The Estrogen_response module, overexpressed in luminal tumours, has among its central nodes the TFs GATA3, ESR1 and FOXA1 (respectively 1st, 2nd and 7th in the kWIthin ranking, Suppl. Table I), known to be master regulators of ER-positive breast tumours, where they are overexpressed (Suppl. Fig. 6). GATA3 and FOXA1 have both been implicated in shaping the distribution of the ER TF on chromatin and in inhibiting the basal-like phenotype (Bernardo et al., 2012; Hisamatsu, Tokunaga, Yamashita, & Akiyoshi, 2015; Theodorou, Stark, Menon, & Carroll, 2013). Interestingly, amongst the most centrally connected genes are MLPH and P4HTM, whose possible role in BC is poorly characterized.
ZNF532 is a potential common target of STAT3 and WNT/PCP pathways
As a second approach, we investigated whether the BC networks we constructed could be used to define potential targets of specific pathways. The reasoning behind this idea was that if a gene is transcriptionally activated by a pathway, then it will be co-expressed with genes of the pathway. Therefore pathway genes and potential targets will be part of the same network. Here, we decided to search for potential common targets of the STAT3 and Wnt/PCP pathways, which display several overlapping functions and can interact in a feed-forward loop (Armanious, Gelebart, Mackey, Ma, & Lai, 2010; Gujral et al., 2014; Katoh & Katoh, 2007). The mostly non canonical Wnt5a and Wnt5b ligands are overexpressed in basal-like BC cell lines (Klemm et al., 2011). Moreover, we recently showed that the two pathways converge on the activation of the common downstream target RhoU, promoting cell motility in basal-like human breast tumour cells (Monteleone et al., 2019). Hence, here we aimed at identifying potential additional common targets of the two pathways that could mediate their functions in determining cancer aggressiveness.

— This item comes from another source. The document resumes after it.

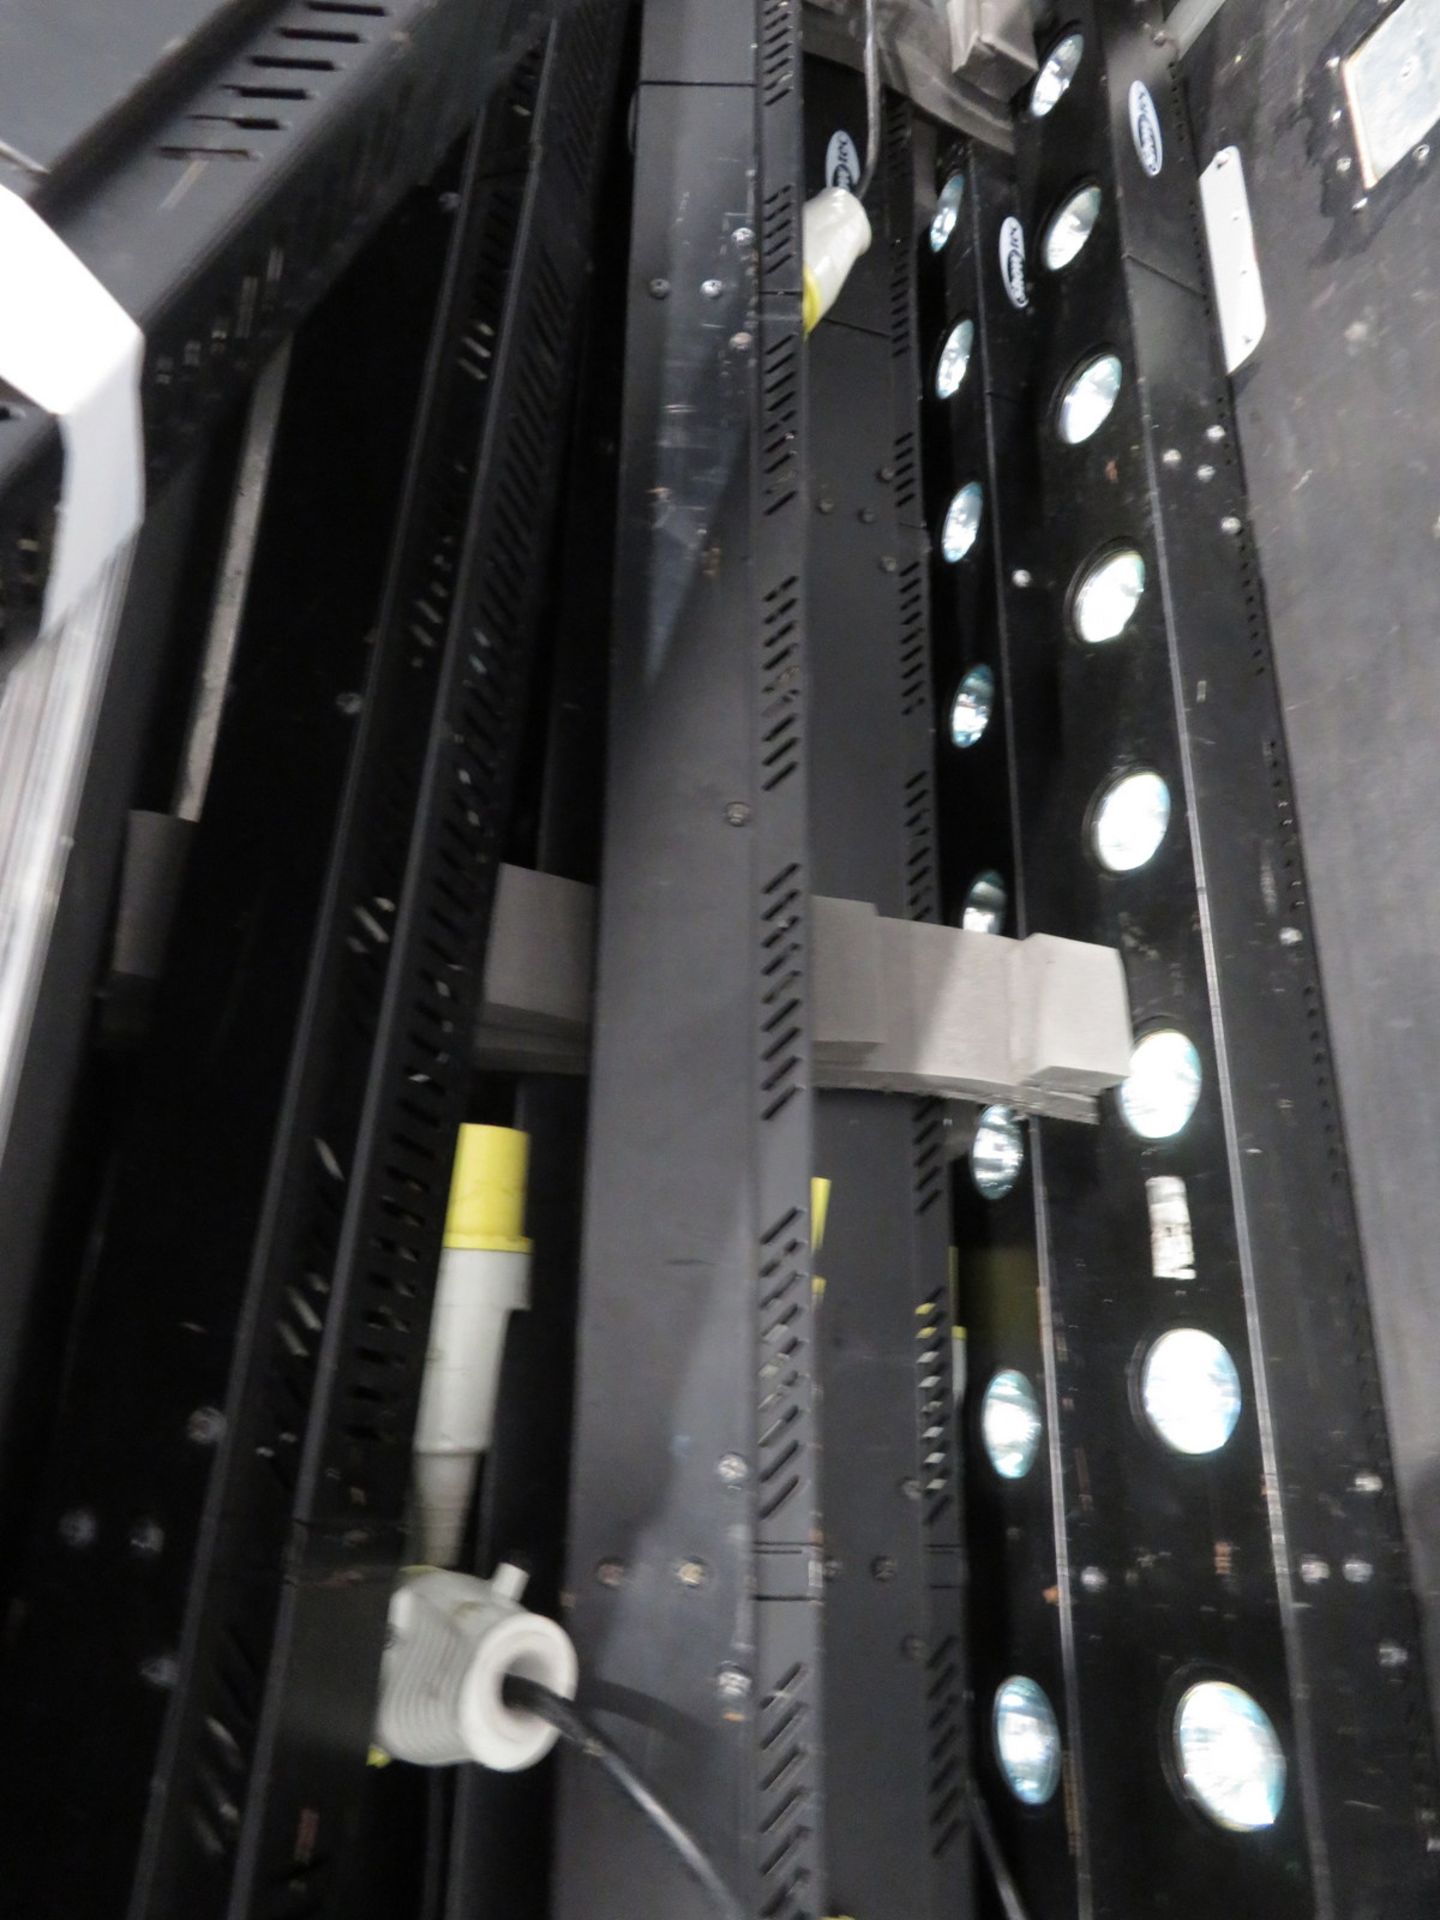 12x Showtec 110v Sunstrip in flightcase. Complete with brackets and cable. Working conditi - Image 8 of 11

As a first step, we collected a set of gene signatures of the two pathways (Alvarez et al., 2005; Azare et al., 2007; Bayerlová et al., 2017; Dauer et al., 2005; Labbe et al., 2007; Sandsmark et al., 2017; Sonnenblick et al., 2015; R W Tell & Horvath, 2014; Willert, Epping, Pollack, Brown, & Nusse, 2002; Ziegler et al., 2005) and we determined which, if any, of the BC modules we defined was enriched in at least one signature of both pathways. Not surprisingly, this analysis pointed to the EMT network, enriched for STAT3 and non-canonical WNT signatures with p-values of 0.001 and 0.02, respectively (Azare et al., 2007; Sandsmark et al., 2017). Via the analysis of a BC ChIP-seq dataset (Mcdaniel et al., 2016), we determined that the EMT module is enriched for genes displaying STAT3 binding at their promoter in the basal-like BC cell lines HCC1143 and MDA-MB-157 (p-values: <0.004 and <3*10−12, respectively). Moreover, we analysed an RNA-seq dataset of the basal-like MDA-MB-231 cell line upon STAT3 knock-down, and another one of the luminal cell line MCF7 upon overexpression of the WNT/PCP ROR2 co-receptor (Bayerlová et al., 2017; Mcdaniel et al., 2016). We selected the genes representing the intersection between those down-regulated upon STAT3 knock-down and up-regulated following ROR2 overexpression, hence positively correlated with both STAT3 and WNT/PCP signalling (Suppl. Table III). We then calculated the enrichment of our gene networks for these STAT3/ROR2 regulated genes, finding a significant enrichment for the EMT module (25 genes, p-value=2.15*10−5, Suppl. Table IV), followed by the KRAS_dn1 module (p-value=0.001). Therefore, we conclude that the EMT network includes a significant number of genes regulated by both pathways, confirming previous analyses.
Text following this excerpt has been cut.